A prototype of a multimodal web resource analysis system was developed using a microservice architecture. The system is designed for high efficiency and seamless integration with a security operations center, demonstrating the ability to process 500–1100 events per second (EPS) using a subset of models.

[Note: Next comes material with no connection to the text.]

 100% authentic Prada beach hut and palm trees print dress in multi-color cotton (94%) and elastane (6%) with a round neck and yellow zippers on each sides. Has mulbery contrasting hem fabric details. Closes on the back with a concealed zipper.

The software implementation leverages Docker containers, RESTful interfaces, and a distributed logging system. Each component, including the Telegram interface, the analysis service, and the external threat intelligence platform module, is designed as an independent service. This architectural choice enhances the system’s scalability, fault tolerance, and maintainability.

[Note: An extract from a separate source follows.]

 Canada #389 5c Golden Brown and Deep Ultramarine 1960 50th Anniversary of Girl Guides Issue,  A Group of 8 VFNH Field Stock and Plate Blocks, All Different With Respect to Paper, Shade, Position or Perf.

Furthermore, the proposed models were optimized for CPU execution by compiling their code, which resulted in a 26% increase in computational performance. The system’s stability and operational integrity were validated through testing under conditions simulating a production environment, where it demonstrated reliable performance under loads and successful integration with SOC environments, including visualization and correlation tools such as Elasticsearch and Praeco.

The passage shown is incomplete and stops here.